» **Aim of the task**
Below is a listing with pictures in it. Copy it exactly without them.

» **Provided data**

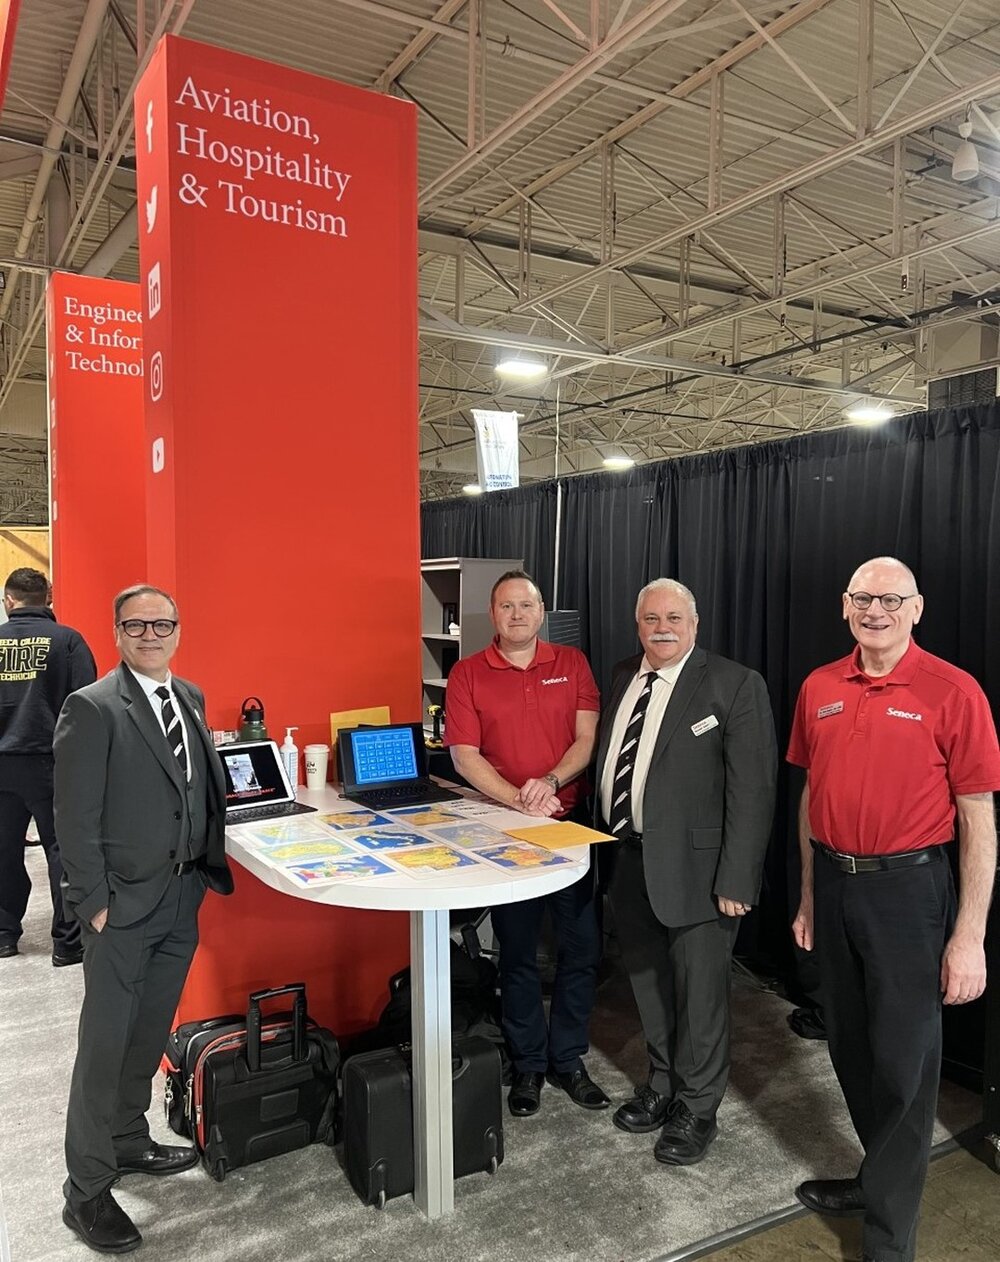 We're at Toronto Congress Centre for Skills Ontario! Visit our booth, play games with us, and explore career opportunities. 

Free admission on May 1-2 from 9 am - 3 pm! See you!
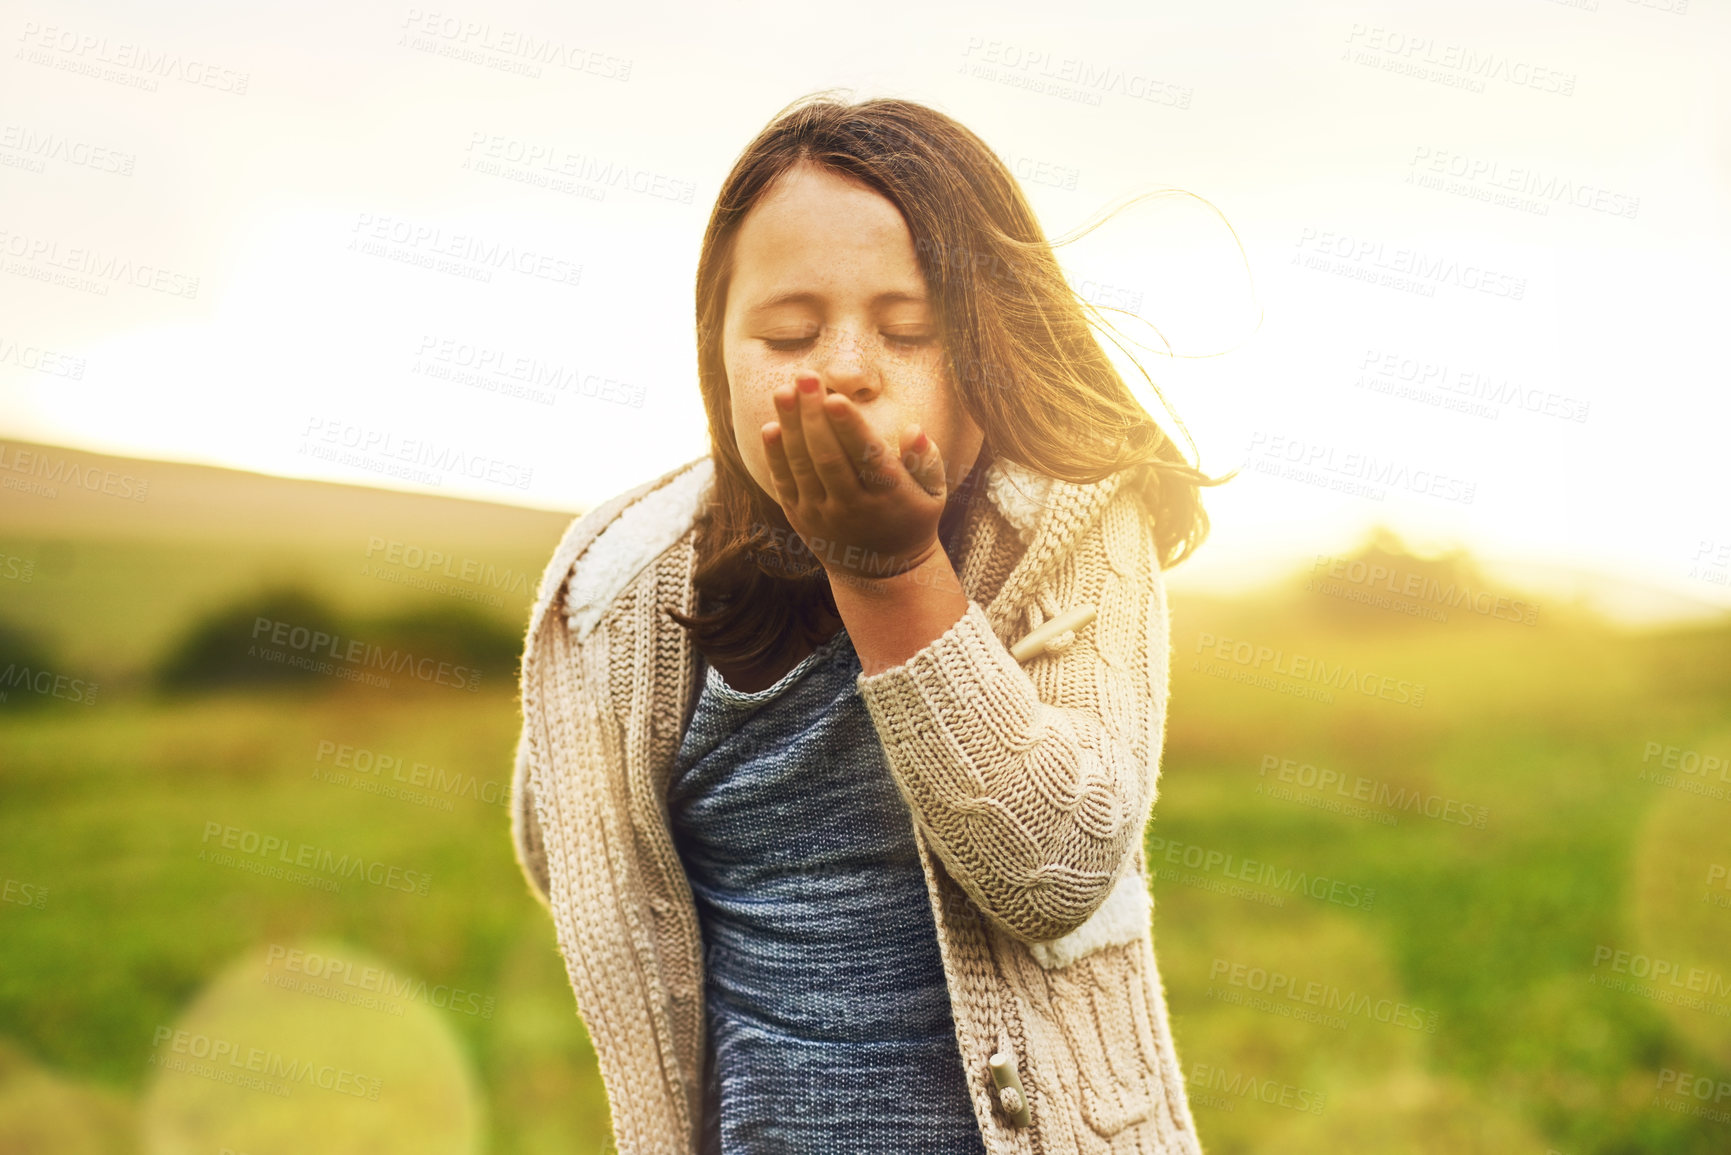 Buy stock photo Portrait of a sweet little girl blowing a kiss while standing outside

» **Answer to this exercise**
 We're at Toronto Congress Centre for Skills Ontario! Visit our booth, play games with us, and explore career opportunities. 

Free admission on May 1-2 from 9 am - 3 pm! See you!
 Buy stock photo Portrait of a sweet little girl blowing a kiss while standing outside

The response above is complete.